Association of studied drugs with ADAs
All the drugs studied except diazepam (ROR 0.7, 95% CI 0.4, 1) were associated with ADAs. Losartan was associated with ADA with an ROR of 5 (95% CI 4, 6), irbesartan with an ROR of 8 (95% CI 6, 9), captopril with an ROR of 7 (95% CI 6, 9), enalapril with an ROR of 7 (95% CI 6, 9), cibenzoline with an ROR of 4 (95% CI 2, 7), atenolol with an ROR of 4.4 (95% CI 4, 5), diuretics with an R0R of 6 (95% CI 5.5, 7), frusemide with an ROR of 5.4 (95% CI 5, 6) and DHP with an ROR of 6 (95% CI 5, 7).
Drugs other than ADAs and hypoglycaemia, according to ADA status
In reports mentioning ADAs (Table 2), none of the drugs was any longer associated with an increased risk of reporting hypoglycaemia except cibenzoline (ROR 5, 95% CI 2, 16). Actually, ARBs and dihydropyridine calcium channel blockers were associated with a reduced risk of reporting hypoglycaemia (ROR, respectively, 0.4, 95% CI 0.2, 0.8 and 0.5, 95% CI 0.3, 0.9).
Table 2.
Association of non-antidiabetic drugs with hypoglycaemia in the French pharmacovigilance database, in reports including or not including antidiabetic agents
| All reports | Hypoglycaemia | ROR* | 95% CI† | ||
|---|---|---|---|---|---|
| Reports including ADAs | 3 469 | 299 | – | – | – |
| ARB‡ | 275 | 11 | 0.4 | 0.2 | 0.8 |
| ACEI§ | 336 | 31 | 1 | 0.7 | 2 |
| Atenolol | 154 | 7 | 0.5 | 0.2 | 1 |
| DHP¶ | 248 | 12 | 0.5 | 0.3 | 0.9 |
| Frusemide | 666 | 48 | 0.8 | 0.6 | 1 |
| Cibenzoline | 13 | 4 | 5 | 2 | 16 |
| Reports not including ADAs | 171 126 | 508 | – | – | – |
| ARBs‡ | 2 234 | 10 | 2 | 0.8 | 3 |
| ACEIs§ | 2 366 | 8 | 1 | 0.6 | 2 |
| Atenolol | 1 806 | 12 | 2 | 1 | 4 |
| DHP¶ | 2 122 | 10 | 2 | 1 | 3 |
| Frusemide | 7 173 | 45 | 2.2 | 2 | 3 |
| Cibenzoline | 167 | 53 | 174 | 124 | 244 |
ROR, reporting odds ratio of association of selected drug with hypoglycaemia (see Table 2).
95% CI, lower and upper limits of 95% confidence interval for OR.
ARBs, angiotensin receptor blockers (losartan or irbesartan).
ACEIs, angiotensin converting enzyme inhibitor (enalapril or captopril).
DHP, dihydropyridines (nifedipine, nicardipine, nitrendipine, nimodipine).
In reports not mentioning ADAs (Table 2), atenolol, frusemide and cibenzoline were associated with reporting of hypoglycaemia, but not ARBs, ACEIs or DHP.
Discussion
A signal supporting an association between the use of ARBs and hypoglycaemia was generated in the French pharmacovigilance database considered as a whole. This signal disappeared after stratification on the presence of ADAs, thus suggesting confounding by indication. In fact, a decreased risk was found of reporting of hypoglycaemia in patients taking ADAs and ARBs.

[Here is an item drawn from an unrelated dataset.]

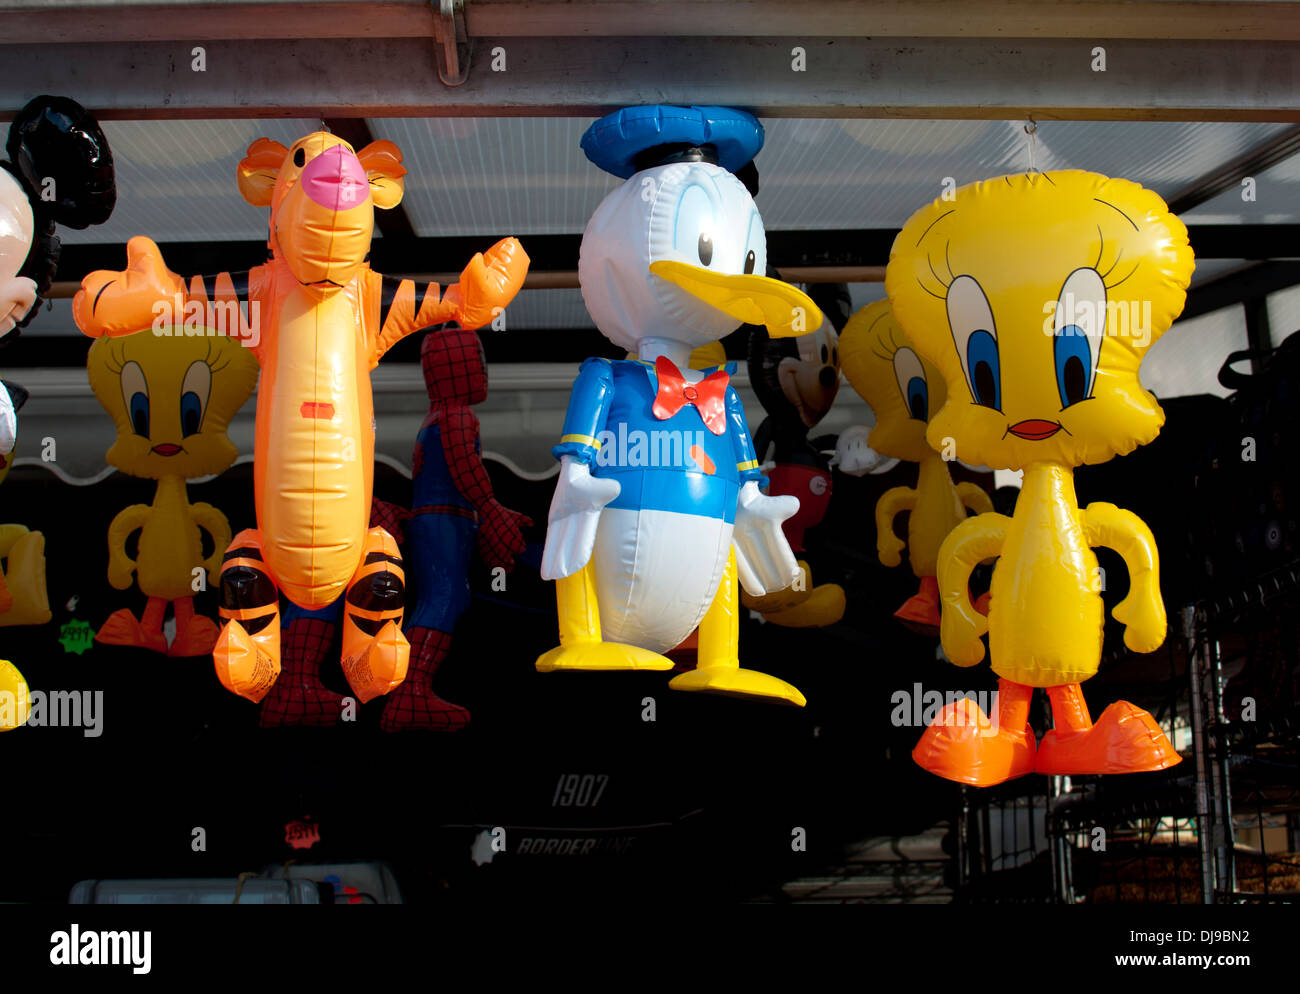 Inflatable cartoon characters on sale outside a shop Stock Photo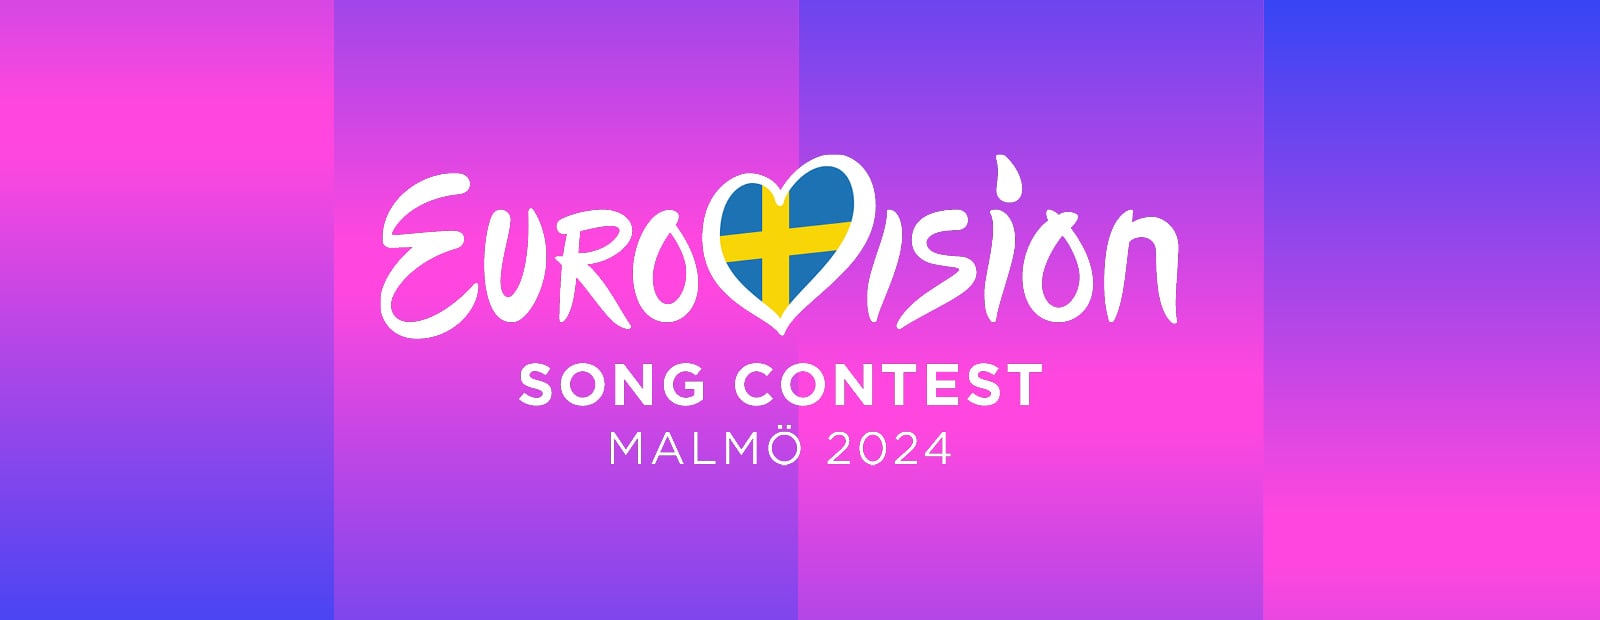 Eurovision Song Contest 2024 Semifinal 1 - Afternoon Preview

Previous experience with reporting of hypoglycaemia with ACEIs had raised the possibility of confounding by indication [8], at a time when data-mining tools were not generally available. Such signals can now easily be generated by automated methods that are widely used for the detection of new adverse drug reactions. One important limitation of these methods is that they are not always able to investigate in depth potential confounding biases [16]. None explores systematically the existence of confounding by indication or channelling. This lack of adjustment could lead to false-positive signals that could modify clinical practice in inappropriate ways [17].
Our findings underline that confounding can lead to spurious disproportionality signals and suggest that special attention should be paid to eliminating the existence of such bias when considering a signal generated by automated methods using spontaneous reporting databases. They also underline the need for further research on automated signal generation, in order to develop adjustment methods that would include biases specific to pharmacoepidemiology, such as channelling or protopathic bias.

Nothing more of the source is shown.